Pseudo-code for Training¶

# Original spam.csv:
# label,    text,                      sender_domain, time_sent_hour, time_sent_min, links_count, has_attachment, sender_history_score
# spam,     "Buy cheap watches...",    sketchy.com,  23,            45,            5,           True,          0.2
# not_spam, "Meeting at 3pm today...", company.com,  9,            15,            0,           False,         0.95

# Step 1: Train Text Classifier ML model on email text content
text_df = df[['label', 'text']]

# Step 2: Get text classification confidence scores from Classify API endpoint
text_predictions = classify_api.classify(df['text'].tolist())
confidence_scores = [pred['confidence_scores'] for pred in text_predictions]

# Create Predictor ML model training data with text scores + metadata
predictor_df = df.drop('text', axis=1)  # Remove raw text
# Add confidence scores
predictor_df['text_spam_confidence'] = [score['spam'] for score in confidence_scores]

# Now predictor_df has the columns:
# label, sender_domain, time_sent_hour, time_sent_min, links_count, has_attachment, sender_history_score, text_spam_confidence
# spam,  sketchy.com,  23,            45,            5,           True,          0.2,                 0.85
# not_spam, company.com,  9,            15,            0,           False,         0.95,                0.1

# Step 3: Train Predictor ML model using CSV file represented by predictor_df

Making Predictions¶

First, use the Classify endpoint to get labels and confidence scores for the long-form text content.
Next, use the Predict endpoint with both:
- Structured data, and
- Labels/confidence scores for text

This will help you make the final prediction based on both text and structured data.

Pseudo-code for Making Predictions¶

# New email to classify:
email = {
    "text": "CONGRATULATIONS! You've won a free iPhone!

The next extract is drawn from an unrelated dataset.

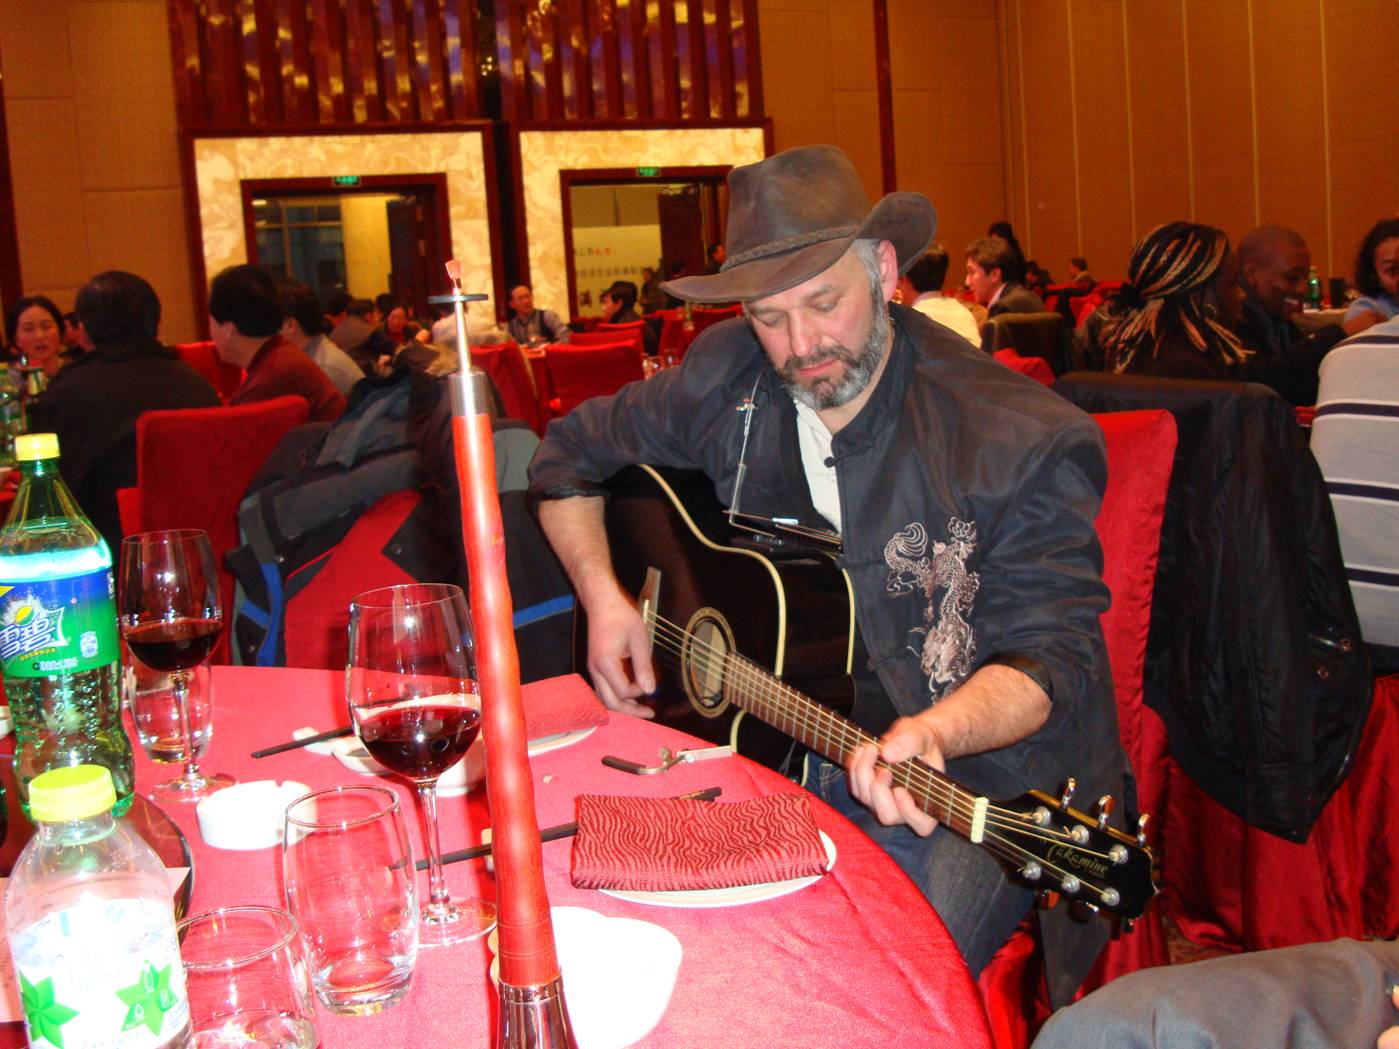 Sean Sartos from New York, one of the Lambton teachers, warms up at our table before contributing to the performances.  The AEFI New Year's Party, Wuxi, China

Click here to claim...",
    "sender_domain": "win-prizes.net",
    "time_sent_hour": 2,
    "time_sent_min": 30,
    "links_count": 3,
    "has_attachment": False,
    "sender_history_score": 0.1
}

# Step 1: Get text classification confidence scores from Classify API endpoint
text_prediction = classify_api.classify([email['text']])[0]
confidence_scores = text_prediction['confidence_scores']

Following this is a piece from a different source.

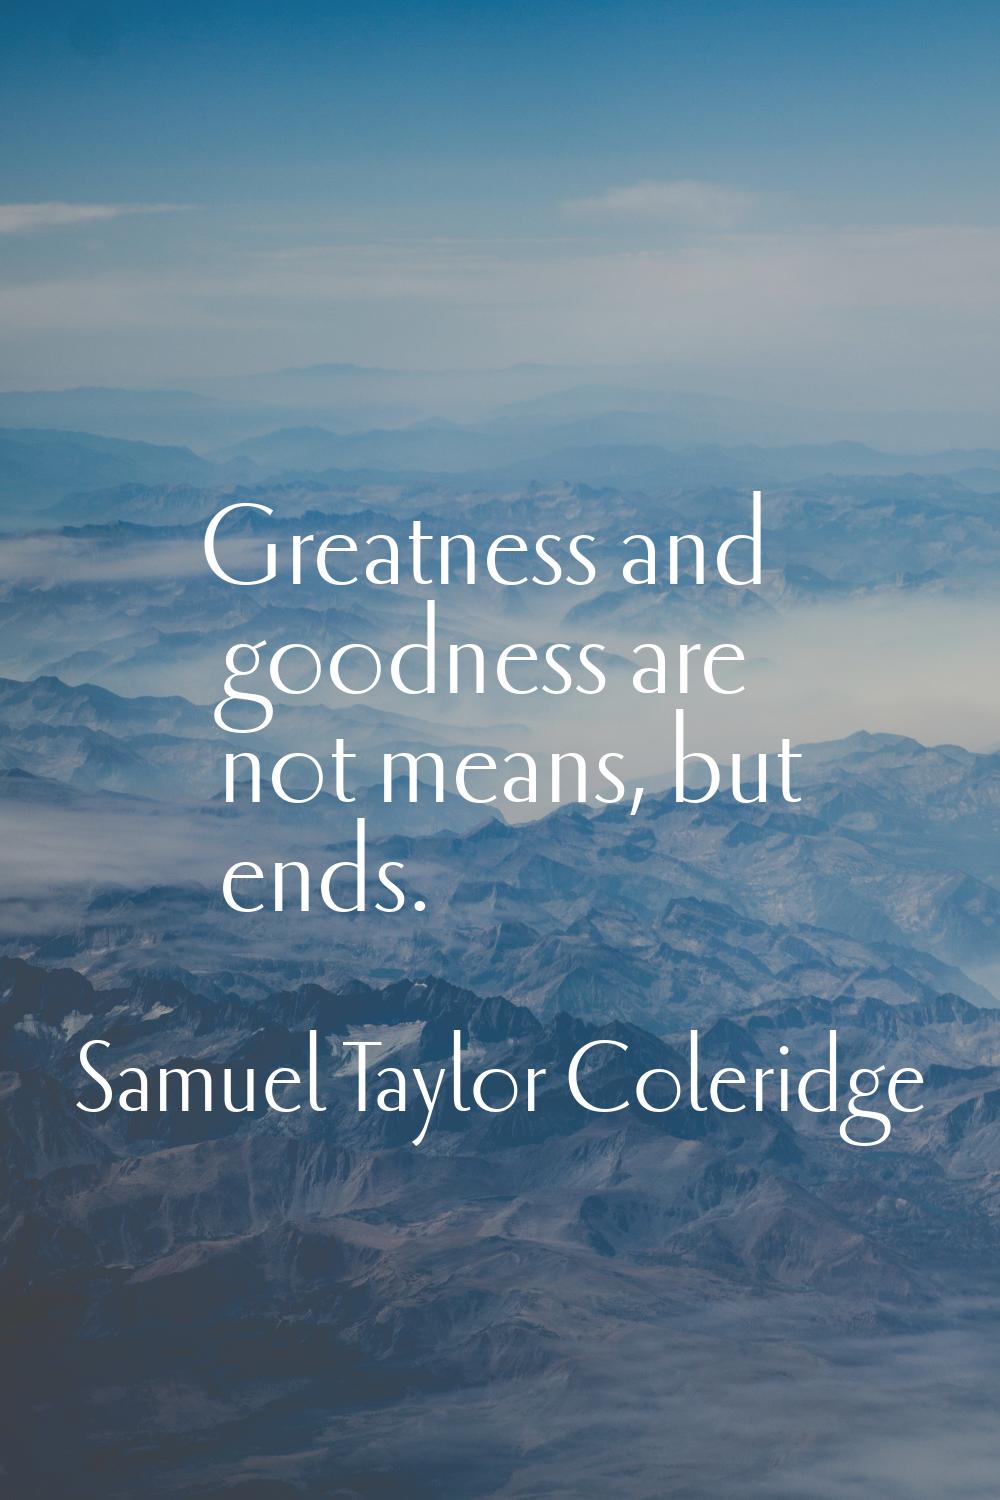 Greatness and goodness are not means, but ends.

# Create Predictor API input with text scores + metadata
predictor_input = {
    "sender_domain": email["sender_domain"],
    "time_sent_hour": email["time_sent_hour"],
    "time_sent_min": email["time_sent_min"],
    "links_count": email["links_count"],
    "has_attachment": email["has_attachment"],
    "sender_history_score": email["sender_history_score"],
    "text_spam_confidence": confidence_scores["spam"]
}

# Step 2: Get final prediction from Predict API endpoint
final_prediction = predict_api.predict(predictor_input)